## Dataset extract
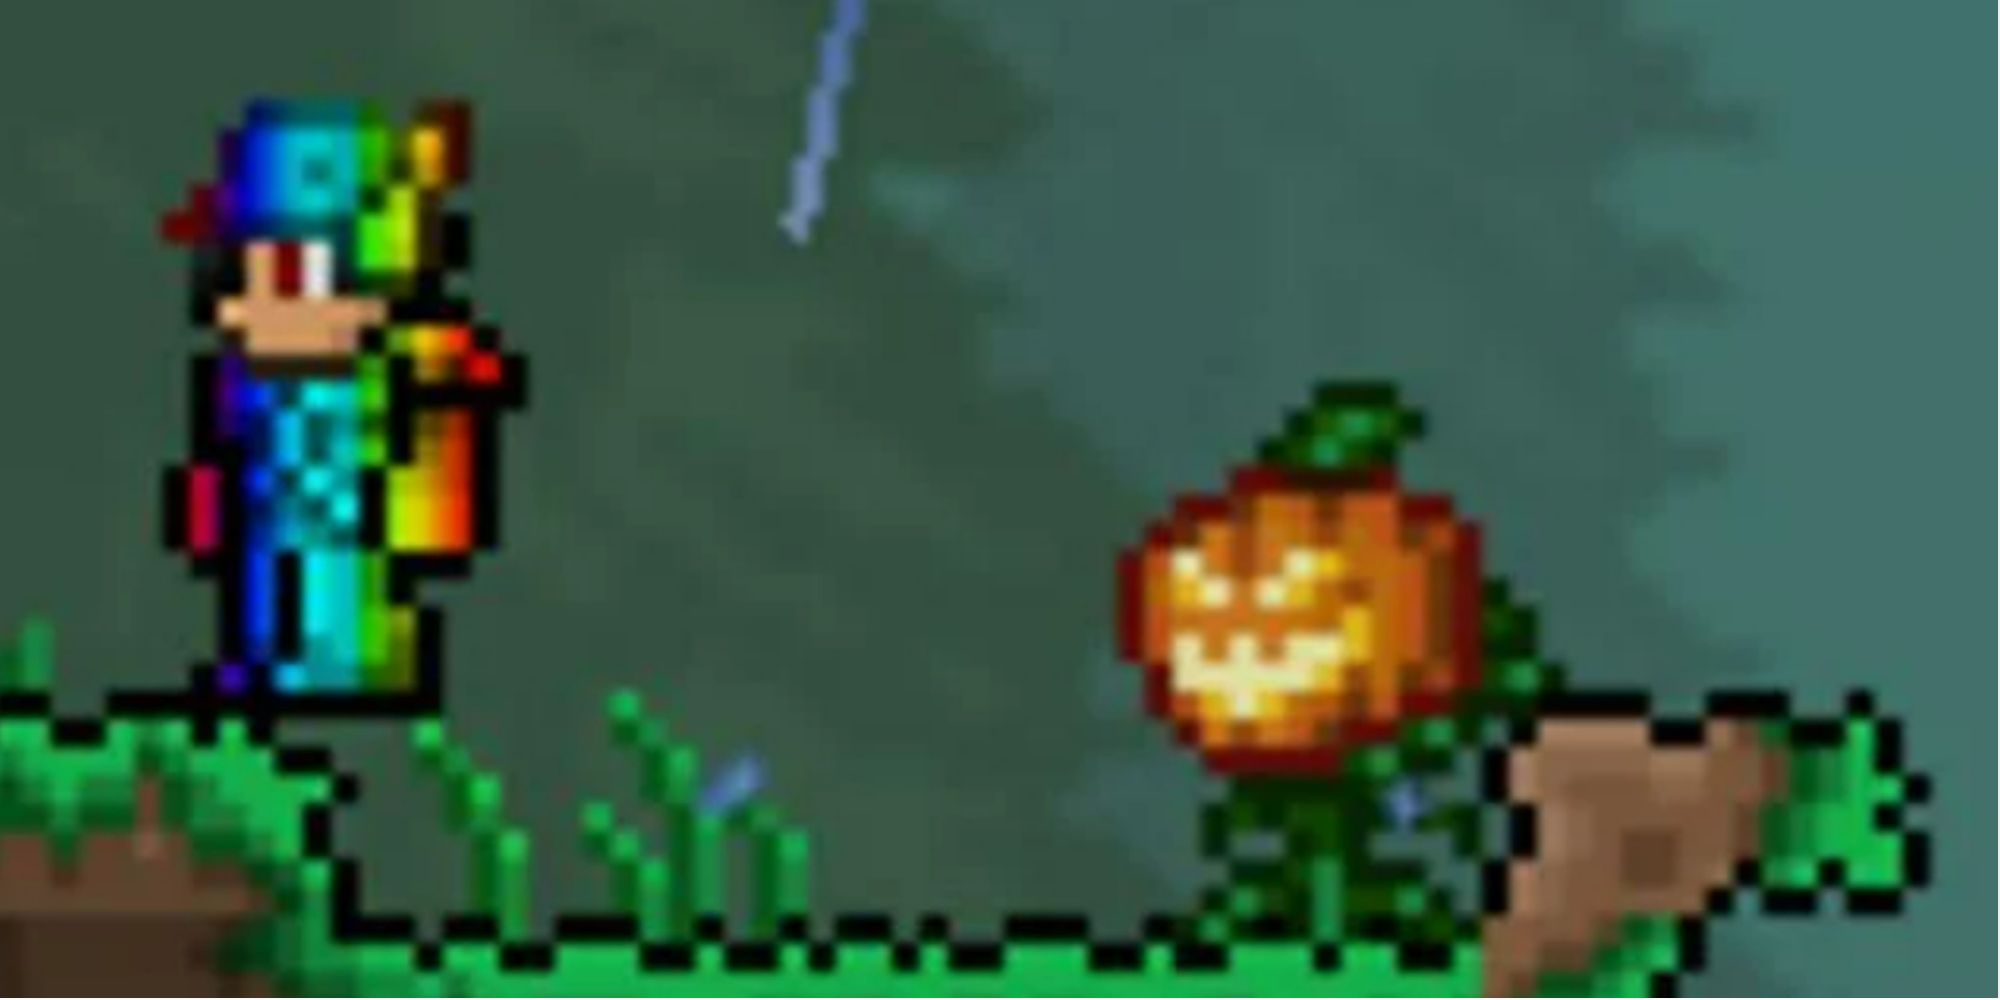 squashling pet and character in terraria
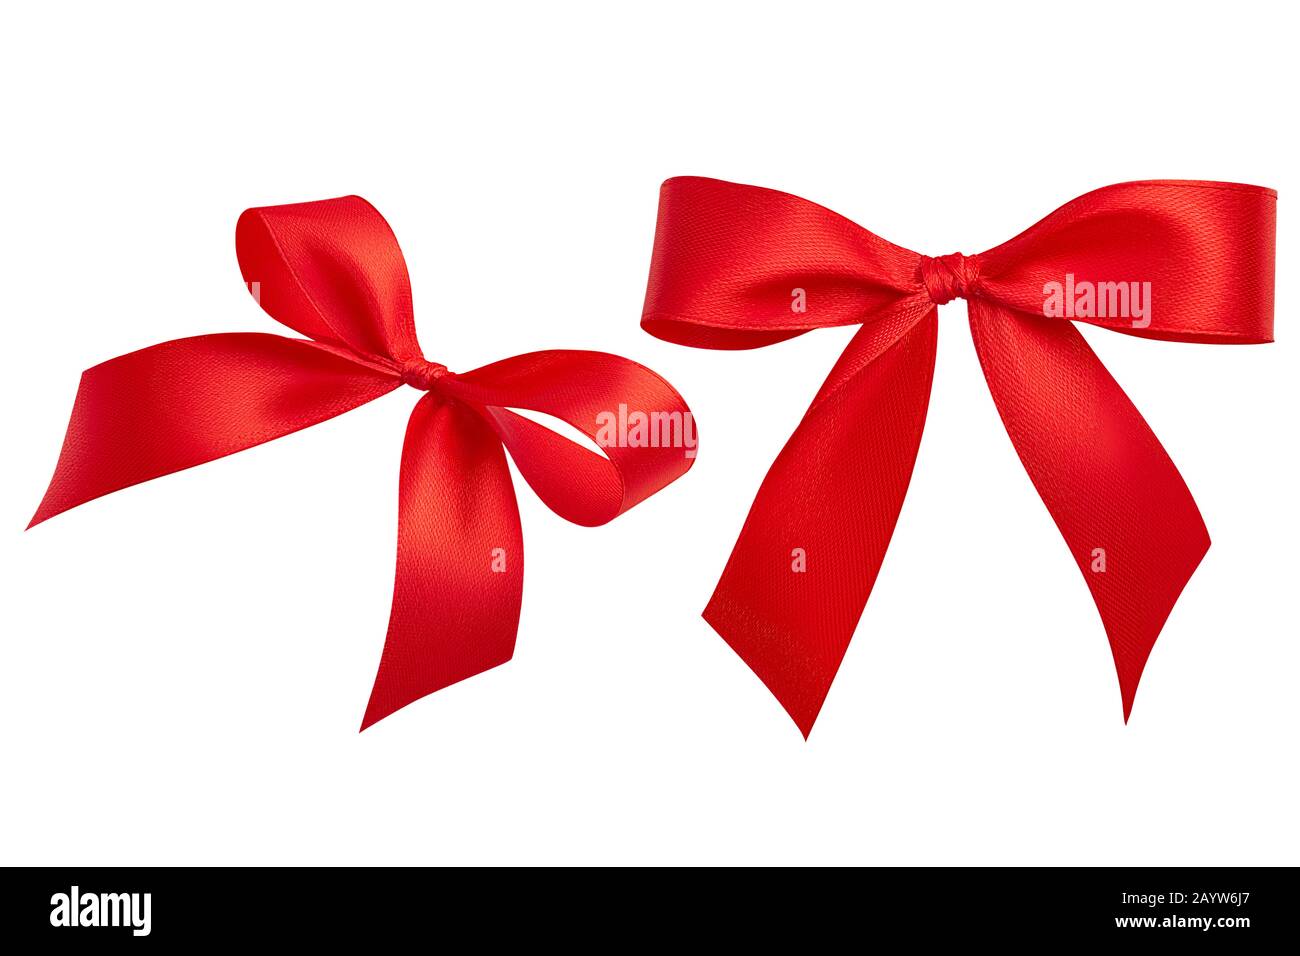 A closeup set of two detailed simple bright red handmade bows from
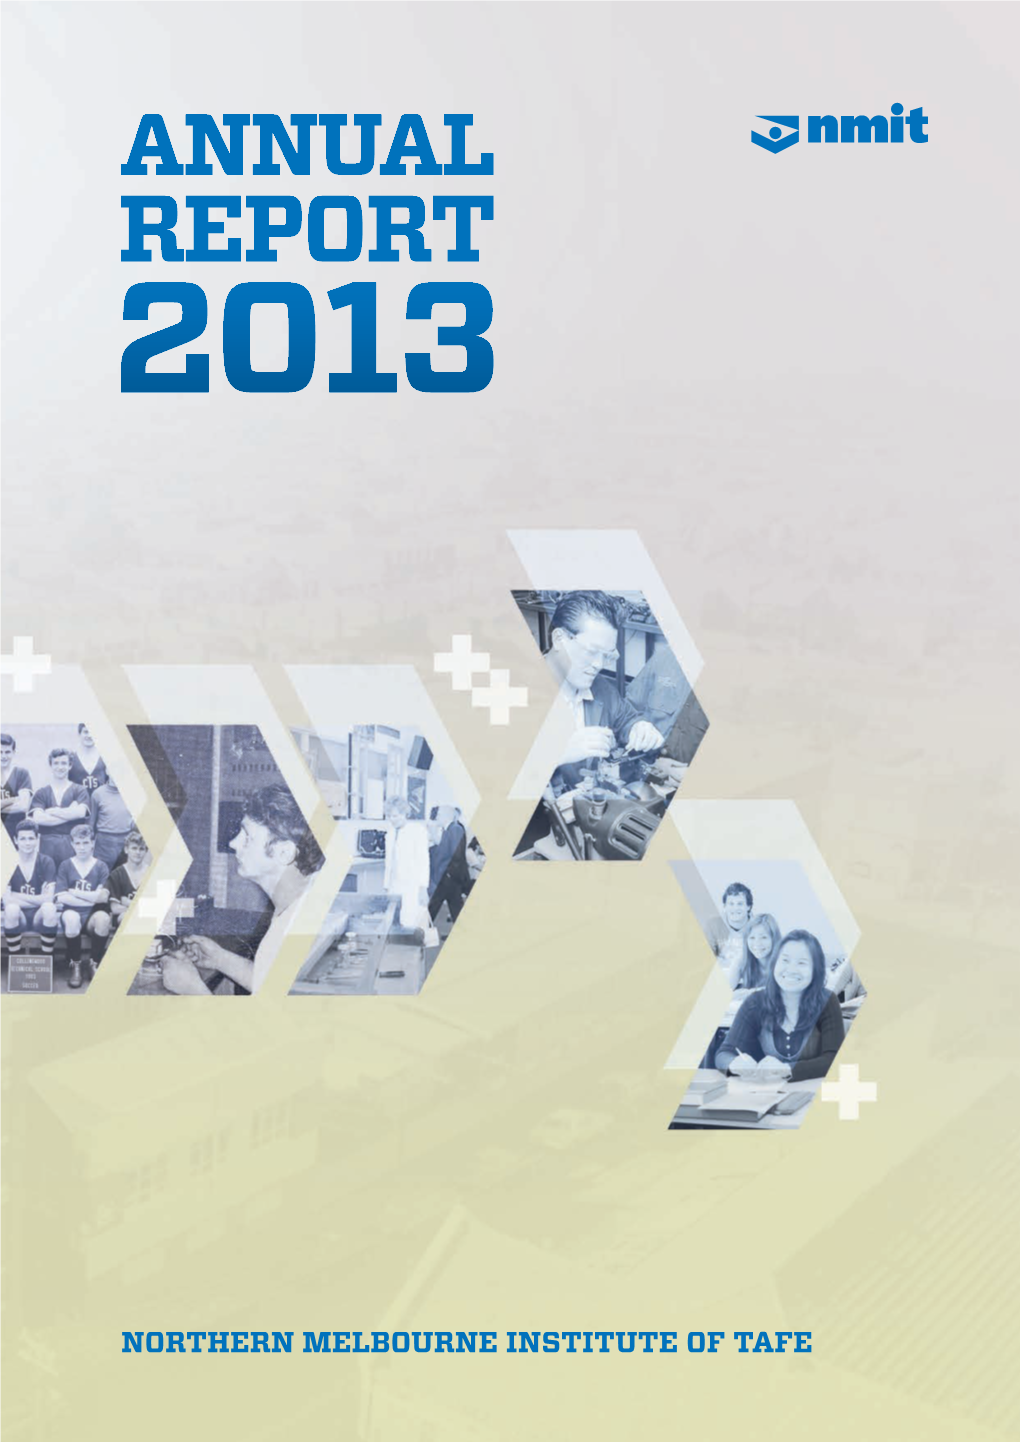 Northern Melbourne Institute of TAFE Annual Report 2013
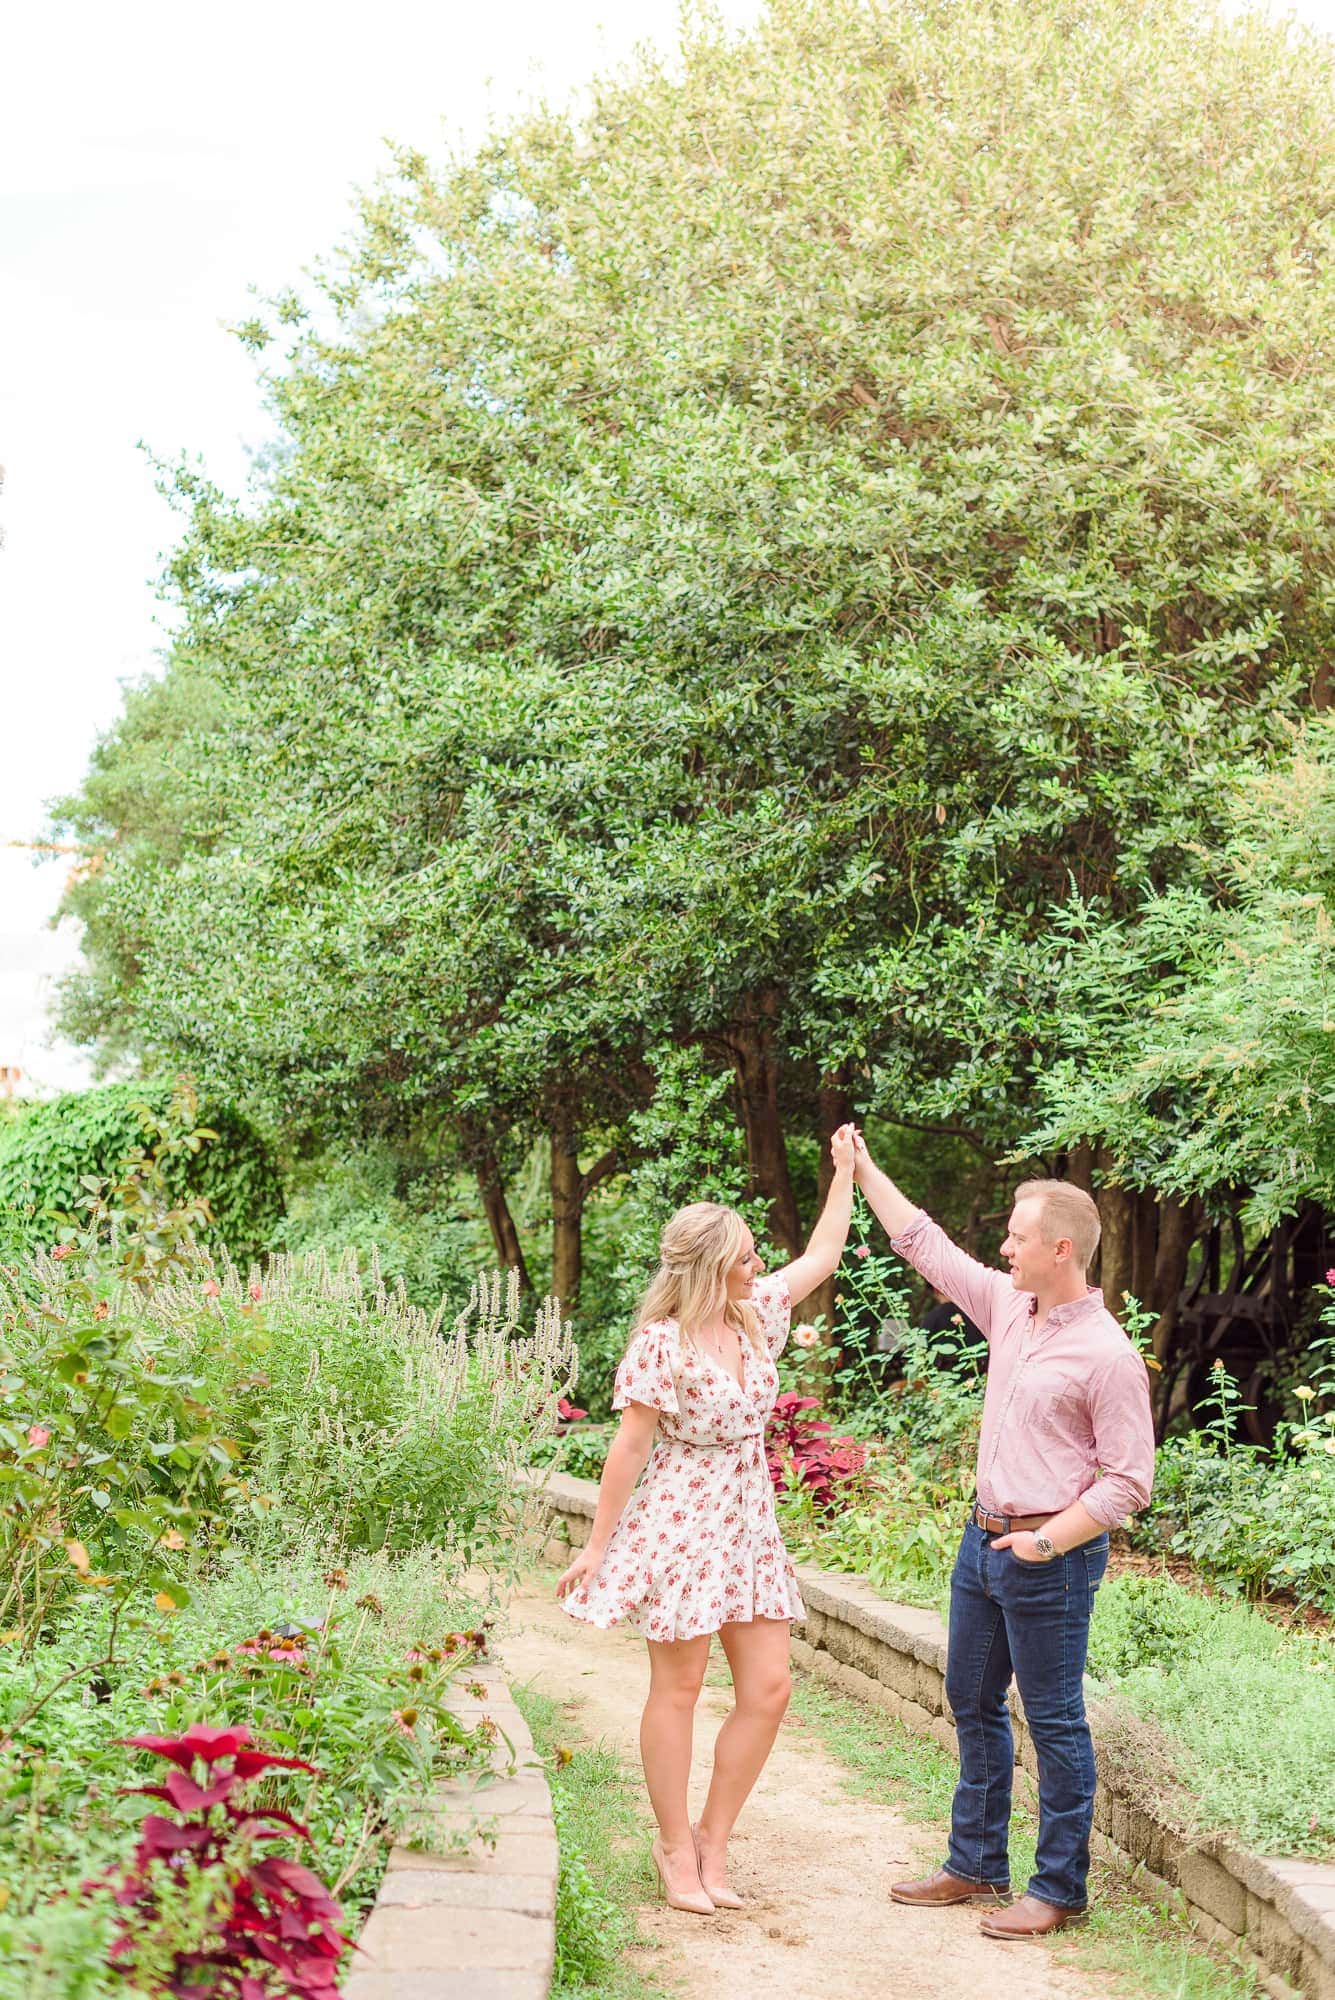 The paths at the Charlotte rose garden are perfect for dancing with one another.

## Your instructions
Leaving the pictures out, output each line of the listing exactly.

## Reply to the exercise
 squashling pet and character in terraria
 A closeup set of two detailed simple bright red handmade bows from
 Northern Melbourne Institute of TAFE Annual Report 2013
 The paths at the Charlotte rose garden are perfect for dancing with one another.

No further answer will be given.